Leaders' Debate Poll

Here is my opinion as a relative outsider to the specific people involved. I'll try to keep my bias to a minimum in my rankings.

  1. Nicola Sturgeon: Absolutely stellar, the whole way through. I don't go in with her ideology at all, and disagree with her on Scotland. That said, she knocked it out of the park. She hammered home what Scots wanted to see without seeming like an anti-English taxpayer pirate. I was particularly impressed by her attacks on Miliband in terms of supporting the other English parties.
  2. David Cameron: By a narrow margin. It wasn't spectacular, but the Tories didn't need spectacular since they didn't want the debates anyway. Given his past performance, quite a bit was at stake. I thought he came across as more steady than the others, and I also think he was less of a broken record about the economy than in the past. He emphasized the message of staying the course, but I think also performed best in the NHS portion.
  3. Ed Miliband: Not quite his performance in the thing with Paxman, but he avoided major mistakes. I find Miliband to seem like a decent person, and he also managed to avoid most of the attacks from the left other than those from Sturgeon. I thought he was weak on the NHS, weak on immigration, but great on future for young people and not bad on deficit.
  4. Leanne Wood: She didn't do great, but I think to Welsh voters she has to have impressed and also received quite a bit of publicity. And the attacks on Labour about the Welsh NHS can't be anything but effective, largely given that Welsh voters will notice that Ed Miliband contrived to ignore them and talk to David Cameron every time she brought it up. I also think her stand on immigration, which I completely oppose, was particularly brave, rising right to the challenge from Farage.
  5. Nick Clegg: He presented himself as a middle ground for a coalition, and did a decent job. But it seems like his only point is on the economy and apprenticeships, which is already quite crowded. Were I English, I might vote for him, but that is my own bias. Cameron, Farage, and Miliband all seem to have a better idea of their bases (the Lib Dems don't have one), and the psyche of a modern English voter. So much for Cleggmania.
  6. Nigel Farage: Nigel, Nigel. You performed alright, but you could have done great. As someone who enjoys watching him speak in the European Parliament and thinks he is the best speaker of them all, that was horribly disappointing. Turning every question to immigration will not increase your vote share. His best points aren't immigration and health tourism, they are the EU (in particular the ECHR) and housing. He failed to provide any kind of splash moments, and his only strong point was when the talk turned to the EU directly. Even then, the other party leaders were able to unite and bash him on immigration.
  7. Natalie Bennet: Quite unimpressive, and unfortunately Cameron's plans to get her to take votes off Labour may make the public less likely to vote for her. Her points were against David Cameron, which was the first flaw. She isn't engaged in a battle for votes with him, she wants to beat Labour and take over the left, which means Miliband. Of the three farther left leaders, she took the least shots at Miliband, and ok this one might be a little biased, but Nick Clegg annihilated her on the NHS.

Winners of each Question

Deficit: Nick Clegg. The leaders who didn't take on the deficit just didn't figure in, and Farage was laughably pathetic with his "please notice me" act. That leaves Cameron and Miliband. They produced their usual rhetoric, Miliband about fairness, and Cameron about cuts and hard choices. Clegg cut the line between these two, and they found it difficult to attack that ground in the debate.

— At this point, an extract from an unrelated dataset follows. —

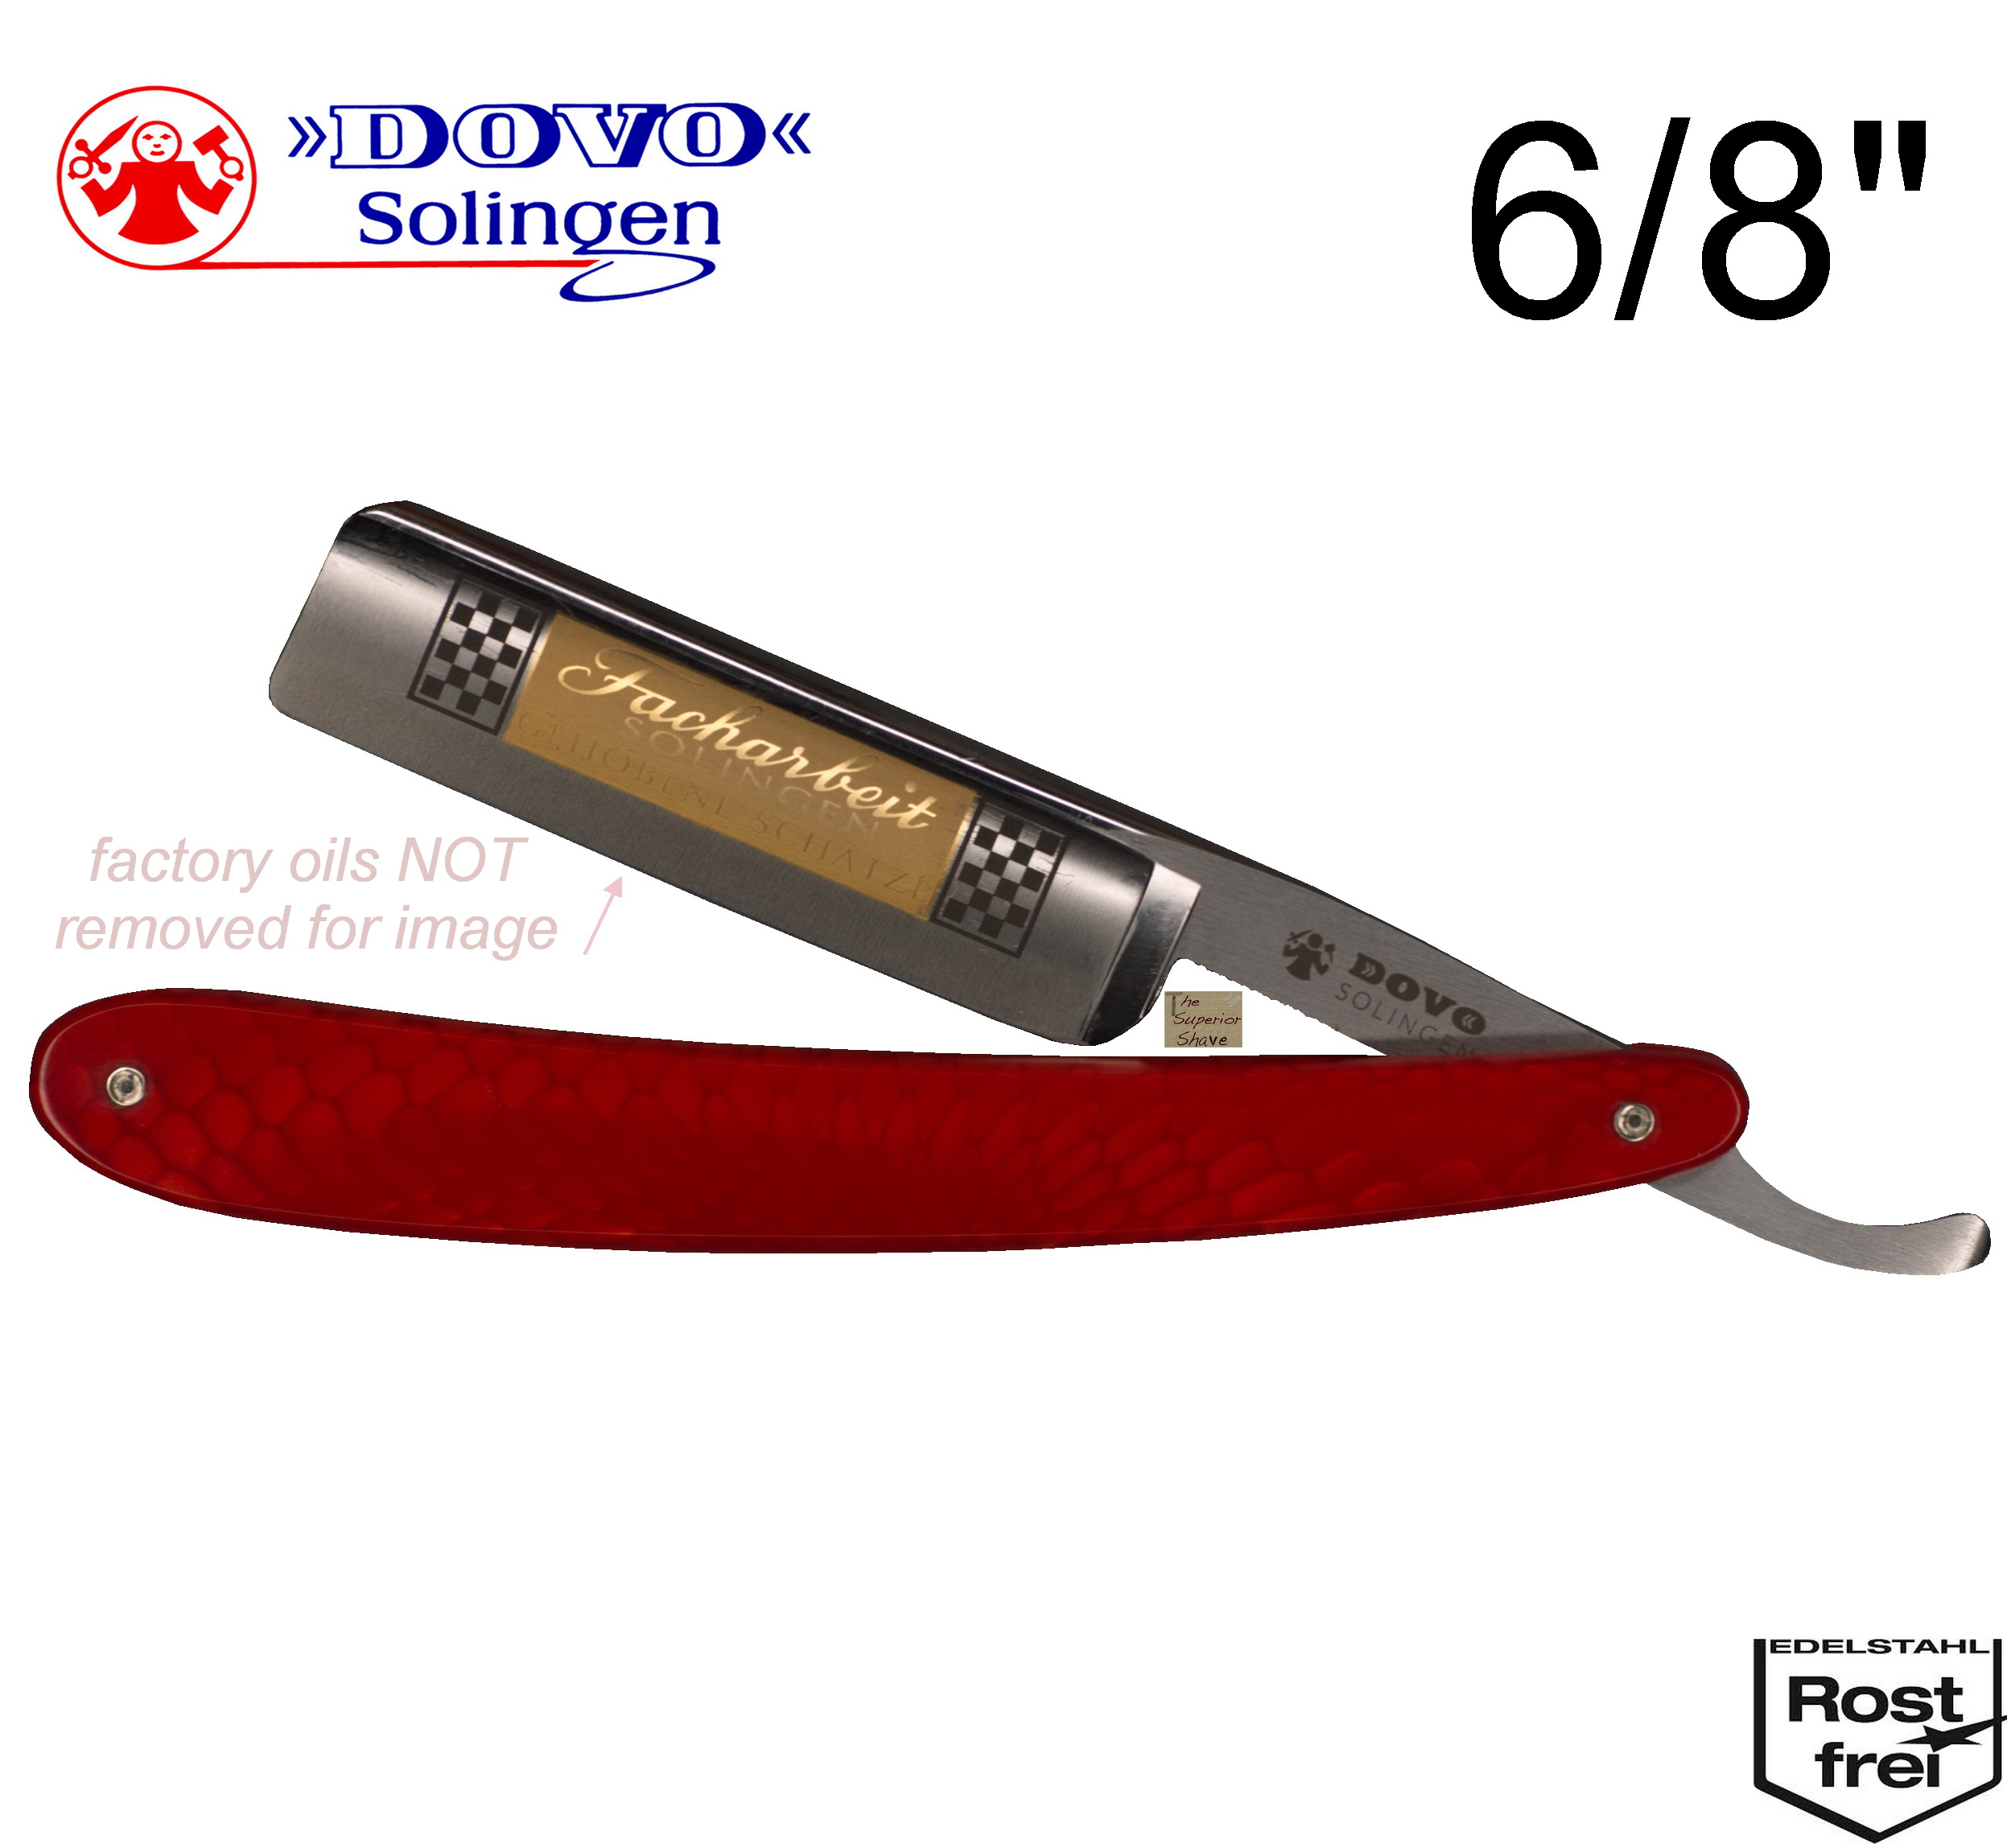 Dovo Facharbeit Steel 136813315 | Acrylic 1967-1971 Germany Made Handle, Look | Reptile Size in | Hollow Point | 6/8 | | HISTORIC Straight Red Ground Stainless German Square Razor | Full

Immigration: Nigel Farage. This one was a given, and a bit of a pyrrhic victory anyway, because he tainted it all with his silly comments about health tourism. Regardless, given that he was the only anti-EU person in the debate, he was able to corner Cameron and fight everybody else off to stick to his message.

Health: David Cameron. He fought off Labour attacks about privatization, and Nick Clegg had to get in that side fight with Bennett. Miliband was looking particularly creepy in this section, and the other three leaders failed to bring anything relevant, with Farage being just horrible. Consolation victory to Leanne Wood who did her job in slamming Labour on the Welsh NHS.

Future: Nicola Sturgeon. This one was by a country mile. While Cameron and Clegg made petty argument about the coalition, she cornered Ed Miliband and took him to case for not being sufficiently left enough and not caring about Scotland, and took no prisoners with anyone else. Farage sounded weak as through the whole debate, Bennett seemed quite irrelevant, and Leanne Wood had very little interesting to say.